**Instructions for the task**. Retype, word for word, only the lines from the one containing "Heart FM Healthbeat" through the last line of the listing below. Pictures do not belong in the result.

**Given material**.
● ● ● ● ●

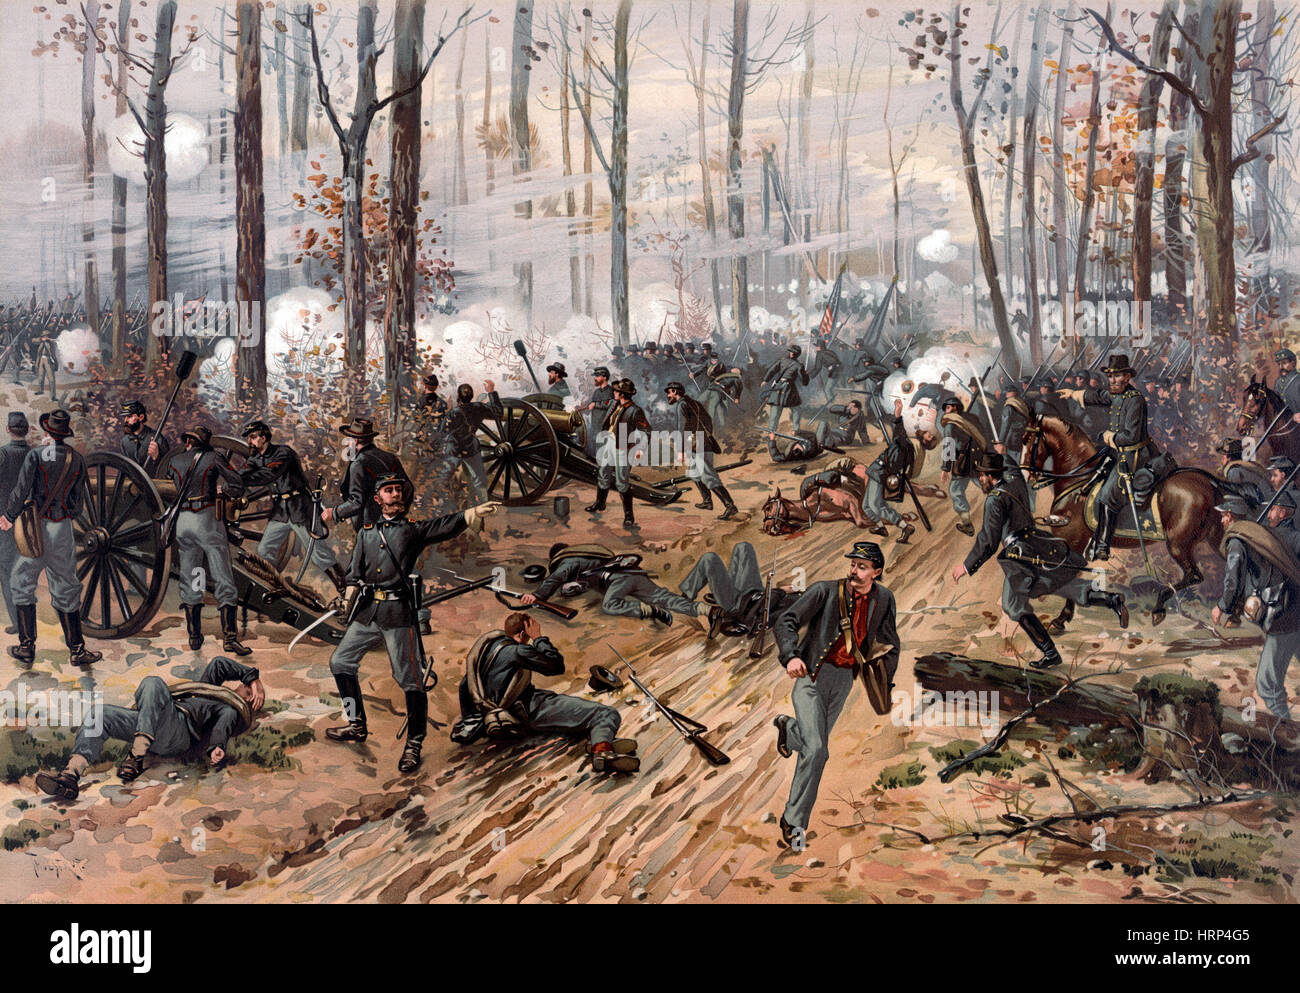 American Civil War, Battle of Shiloh, 1862 - Stock Image
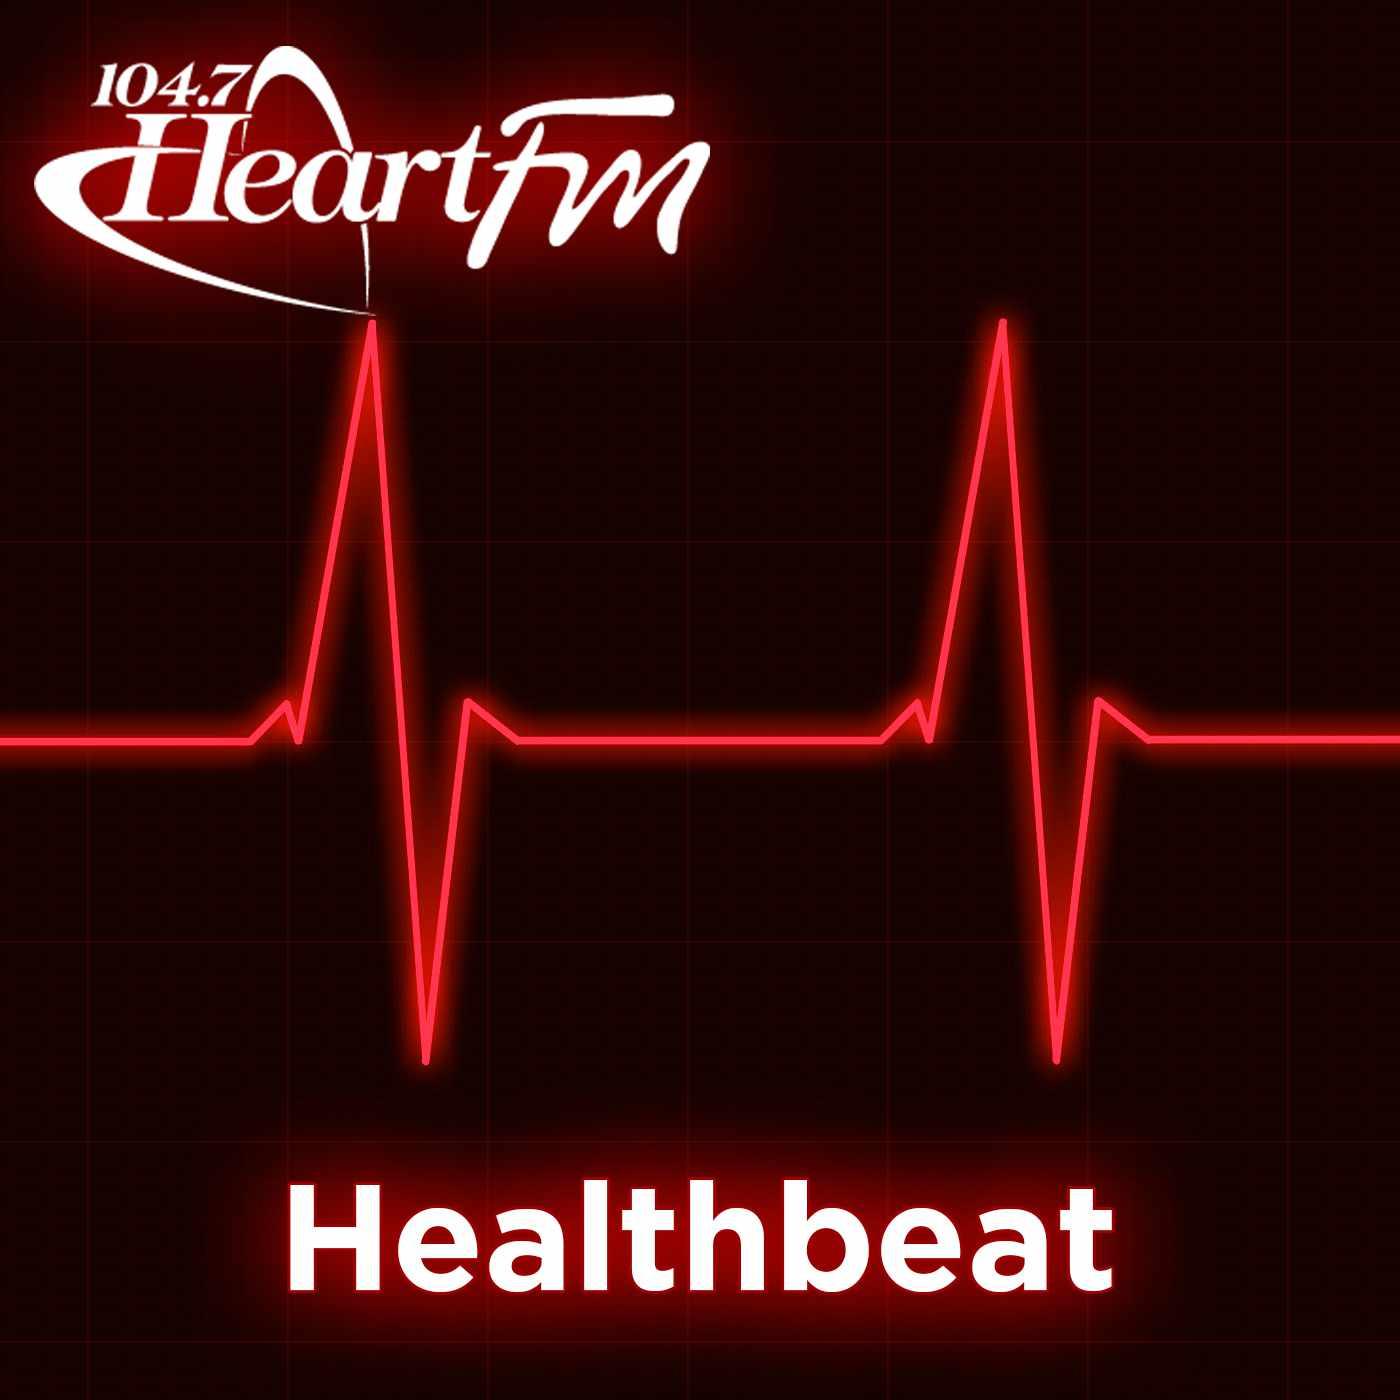 Heart FM Healthbeat
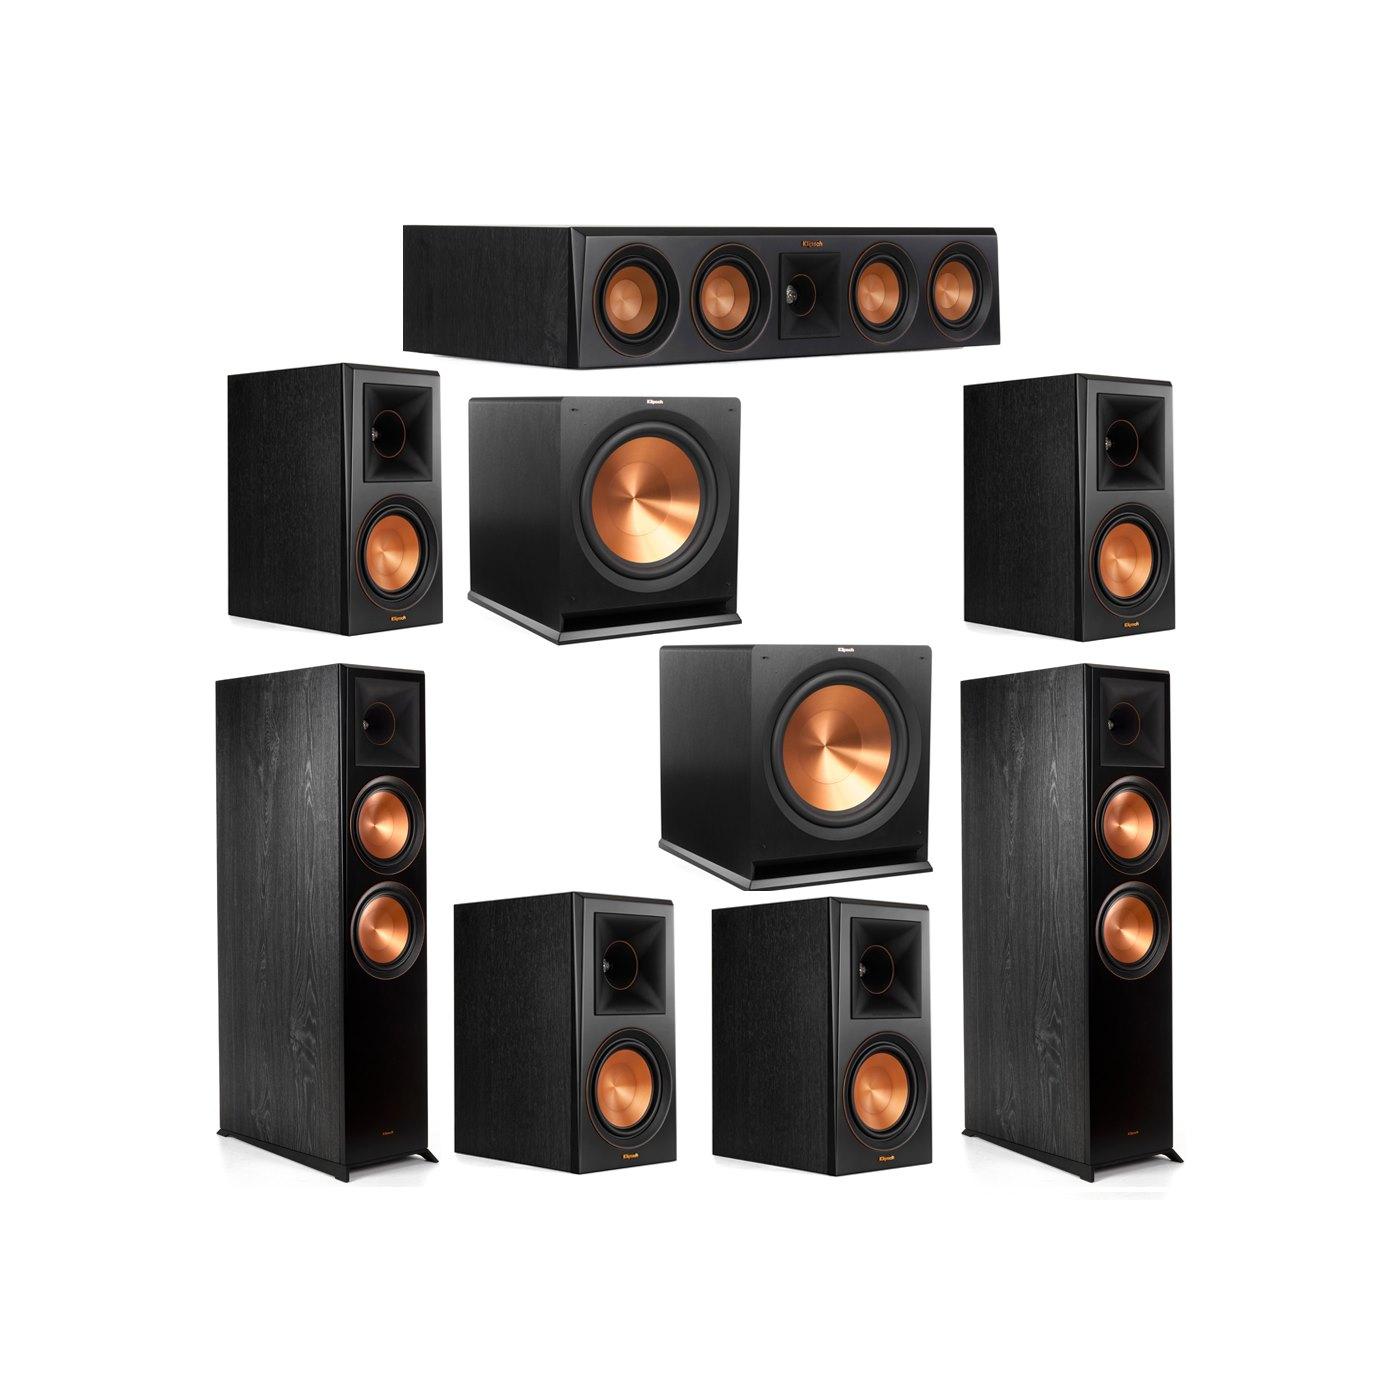 Klipsch 7.2 System with 2 RP-8000F Floorstanding Speakers, 1 Klipsch RP-404C Center Speaker, 4 Klipsch RP-600M Surround Speakers, 2 Klipsch R-115SW Subwoofers

● ● ● ● ●

**Result of this task**.
 Heart FM Healthbeat
 Klipsch 7.2 System with 2 RP-8000F Floorstanding Speakers, 1 Klipsch RP-404C Center Speaker, 4 Klipsch RP-600M Surround Speakers, 2 Klipsch R-115SW Subwoofers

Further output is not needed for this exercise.